The result, performed as part of MHC's May Pageant on April 26,
was the "Dance for Spring," an improvisational work
that included eleven members of the Holyoke chapter of Girls Incorporated,
a national, nonprofit organization dedicated to inspiring girls
to be strong, smart, and bold.
The pageant, a revival
of a Mount Holyoke tradition that lapsed during the mid-1960s,
drew about 200 participants to Skinner Green. Despite overcast
skies, strong breezes, and intermittent April showers, participants
enjoyed joining in the dance around the Maypole, colorful ribbons
in hand, to the accompaniment of tin whistle, drum, and fiddle.
In "Dance for
Spring," Parker played the role of the Earth, still in late
winter slumber.
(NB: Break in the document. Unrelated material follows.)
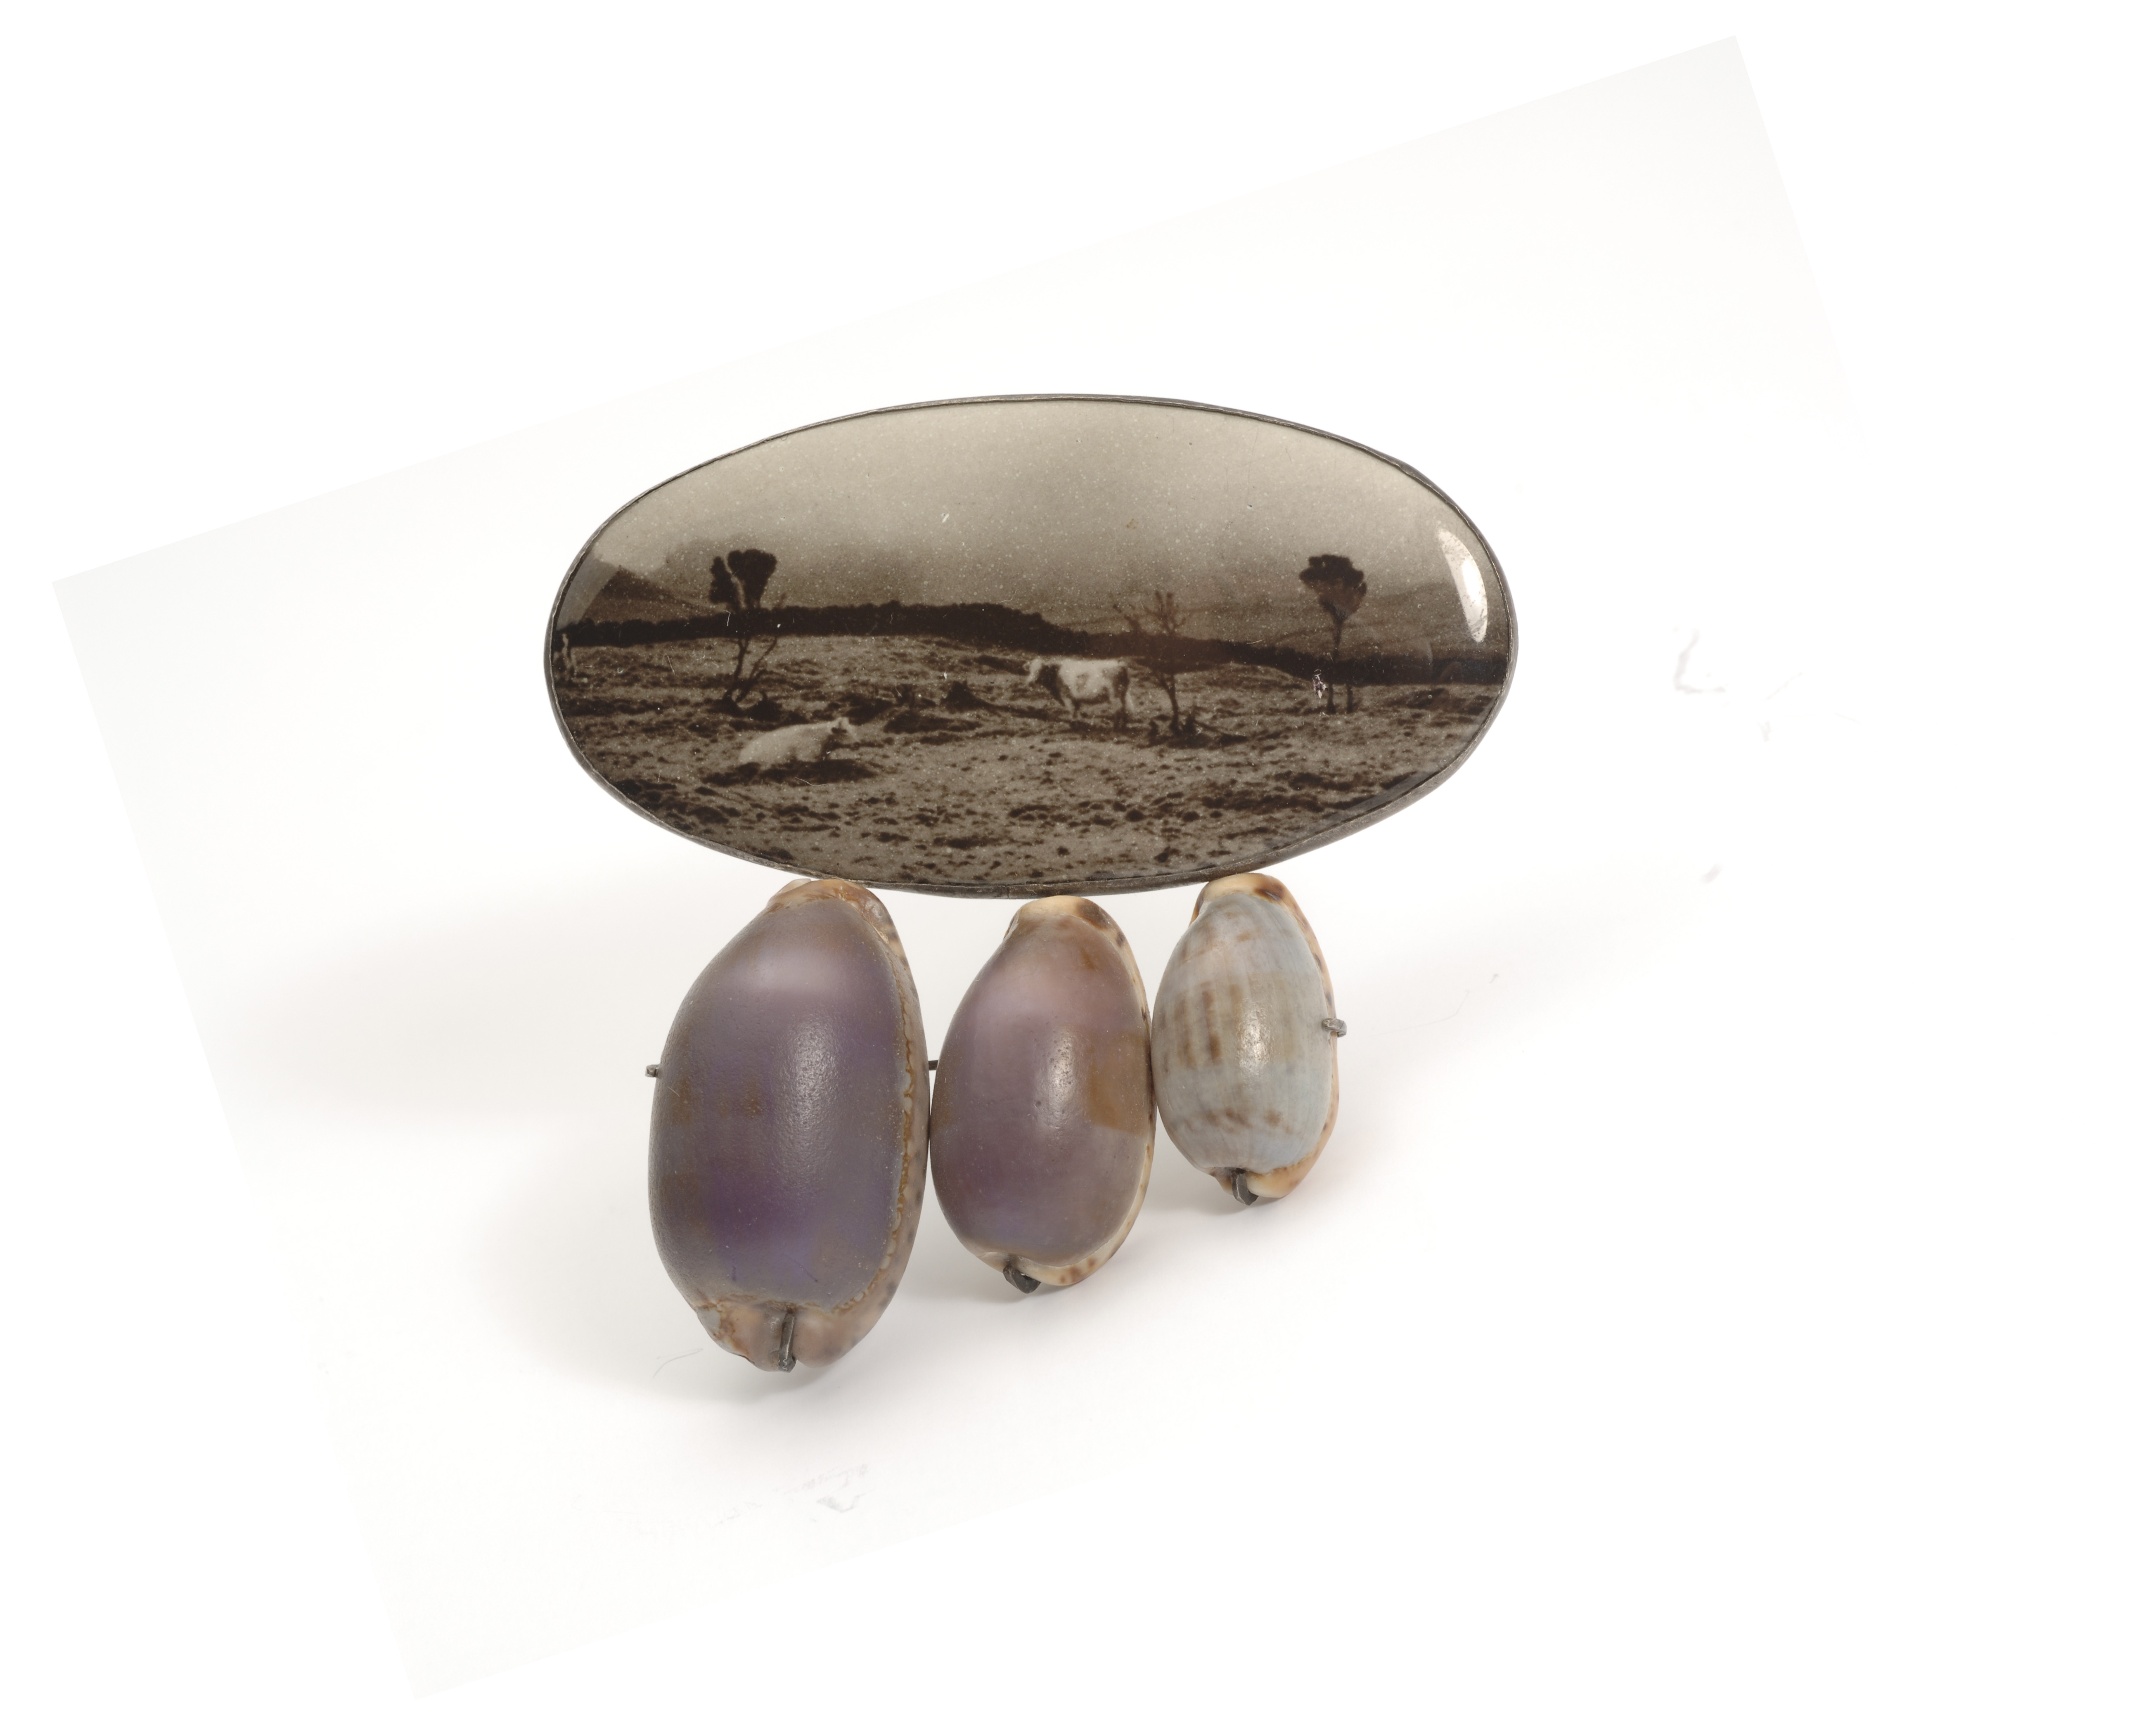 Bettina Speckner, "Untitled" Brooch (2004). Artist’s photograph enameled on silver, cowrie shells, amethysts. Courtesy of a private collection. Photo credit: Bettina Speckner, Museum of Arts and Design.

She was awakened by the Girls Incorporated children,
who danced around her in their flowing pastel gowns whispering,
"Wake up! Wake up!" To Parker, the children are "the
emissaries of hope," the promise of renewal that arrives
with spring. "The reason the dance is the way it is, is because
of them," she says.
The challenge in creating
the dance, she says, was to come up with something that has meaning
for both the youths and the older people in the audience. Parker
chose to "make it out of what they give you," incorporating
dancing in circles, voiced wishes for the earth, and a good bit
of "running around with a streamer."
"The audience
is almost like the little girls," Parker says. "It's
okay if they come and have a good time and maybe they'll see something
significant happen for someone else and that will make a difference
for them. Or maybe it will mean something to them that we're all
in a circle, or maybe it will mean something to them to hear a
little girl give her wish. And that's plenty."